Monday, March 18, 2013
By Dr. Shernaz Baji Avari

On this auspicious day of the Irani New Year, the Iranis lay out a delightful sumptuous spread on the table. Each item has its own special significance

The Iranis celebrate Navroz in a special way. A circular table or the dining table dons an exquisite new look. A special table cloth known as ‘sofreh’ is spread on the table which sets in the festive spirit. The whole decorated table known as ‘Haftashin’ is a feast for the eyes and delight to the senses and the soul. Afterall, Navroz ushers in the message of gratitude, joy, hope renewal, spiritual rejuvenation and renewed resolutions, new life in the natural cycles, growth, prosperity, inner awakening and of course the triumph of the good over evil for all humanity. A day of universal dawn: a dawn of a new awakening.

The joyous advent of spring and its traditions, customs and rituals are not only observed by the Parsi-Irani community in India and the Muslim community in Iran but is quite widespread throughout the globe, observed by several Nations of the world. The United Nations General Assembly has declared March 21 as the International Day of Navroz. This Vernal/Spring Equinox is celebrated by more than 300 million people world wide as the beginning of the New Year. In our own land, the Hindus celebrate it as Holi or Vasant Panchami, the South Indians as Pongal and the North Indians as Baisakhi. The Japanese herald spring with Chrysanthemum Festival. Greek Historians have also thrown light on the Navroz celebrations conducted by Persian Kings Darius and Xerxes. Each year, these Kings visited the ceremonial capital of Takht-E-Jamshed i.e. the throne of Jamshed in Persepolis to take part in the festivities as it was on this day that Jamshed was anointed King of Iran. The day of his anointment to the throne, as we all know, is called Navroz.

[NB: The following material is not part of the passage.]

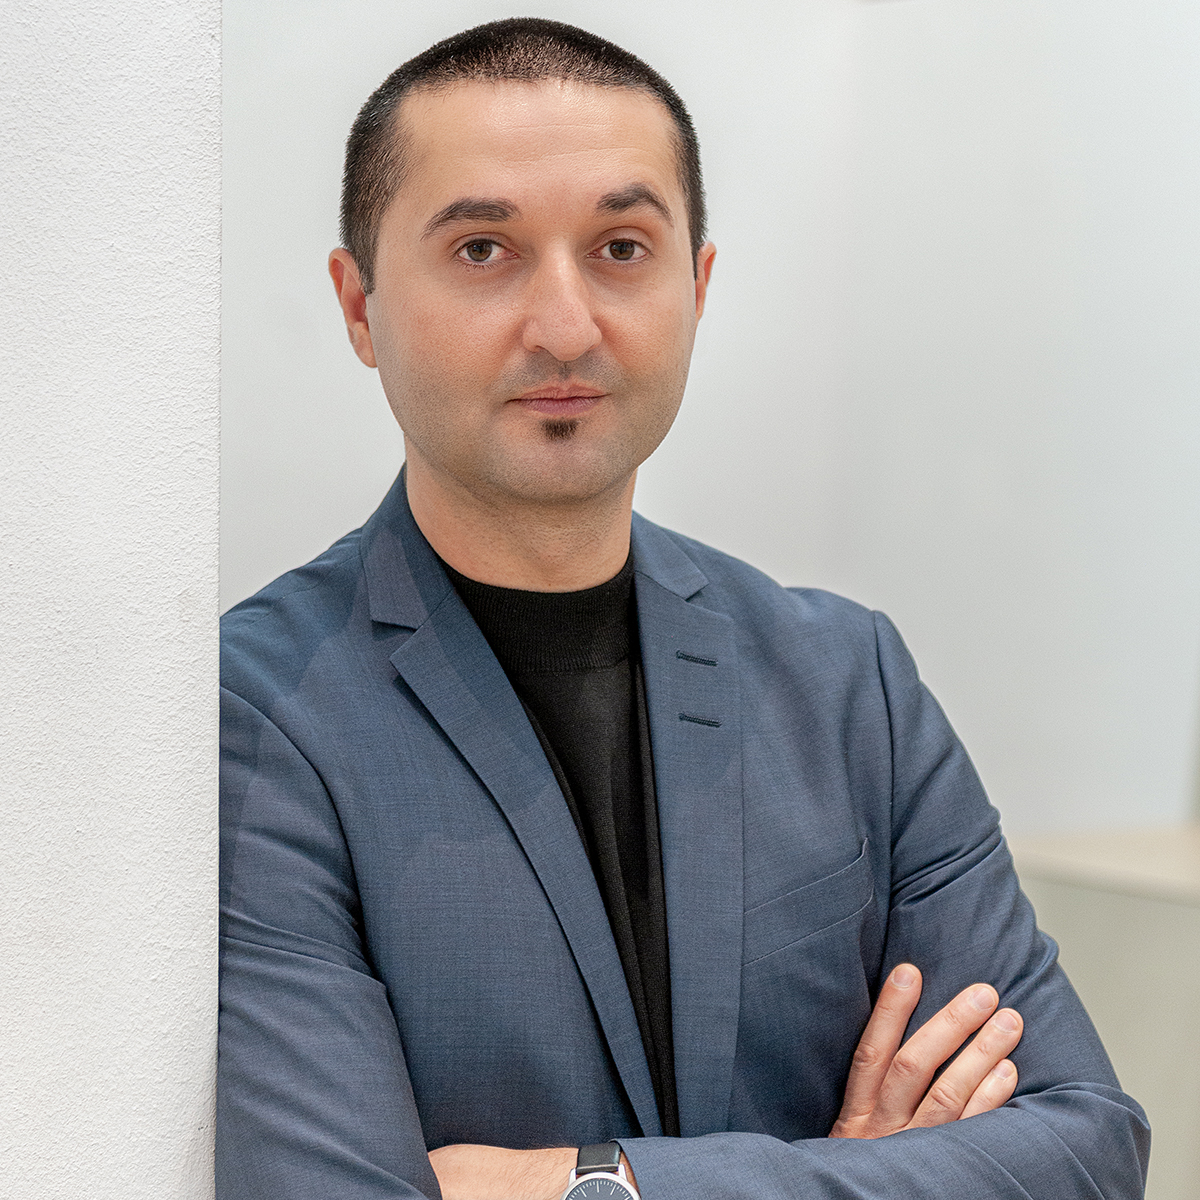 Portraitfoto des Gesundheitswissenschaftlers Prof. Dr. med. Kayvan Bozorgmehr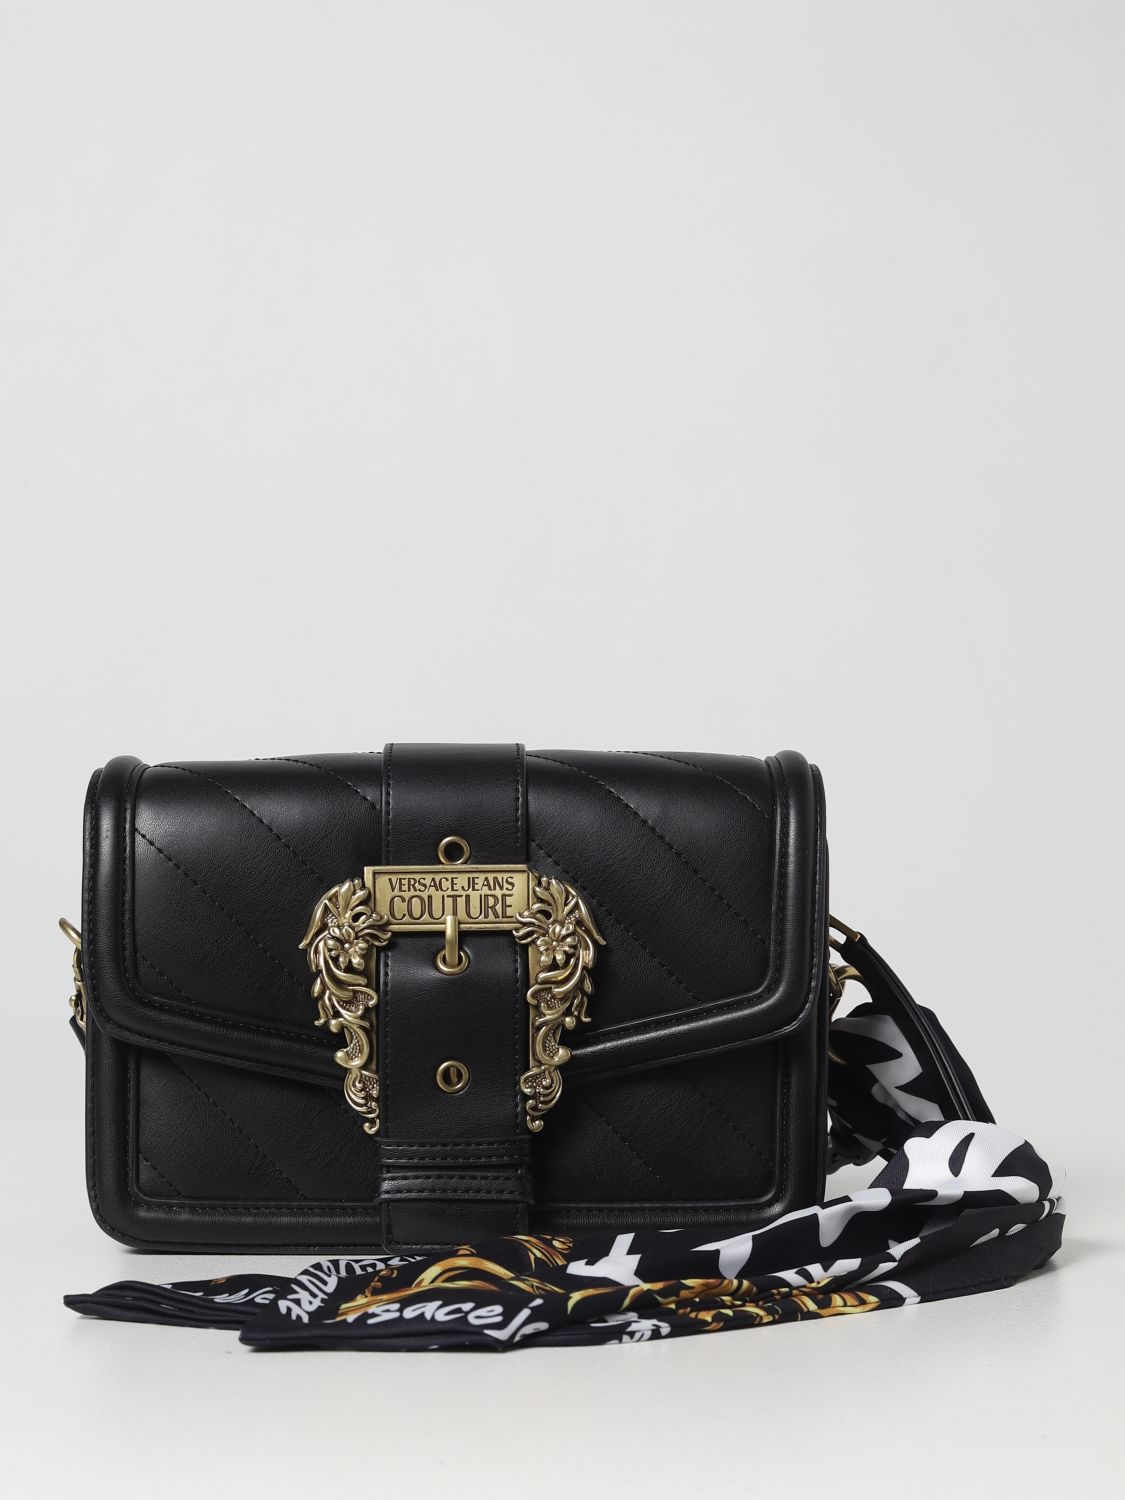 Versace jeans couture black large handbag

The table in each home varies in its contents and the availability of items. All the 7 items start with the leter ‘s’ or ‘sh’ in the Persian dialect having its own special significance. The number 7 represents the 7 creations of Dadar Ahura Mazda as also signifies the ‘Seventh Heaven’ or the state of perfect happiness or heavenly bliss in Islamic belief.

On this special day, we don’t welcome our guests with Pepsi, Limca and a plate of wafers as is customary in most Parsi-Irani households. Today it is the delicious tall pink falooda glass with dollops of icecream to appease your thirst and make you refreshed and of course ‘Gulab Jal’ or rose water is sprinkled on the guests as a sign of warm welcome, greeting each other with Navroz Mubarak.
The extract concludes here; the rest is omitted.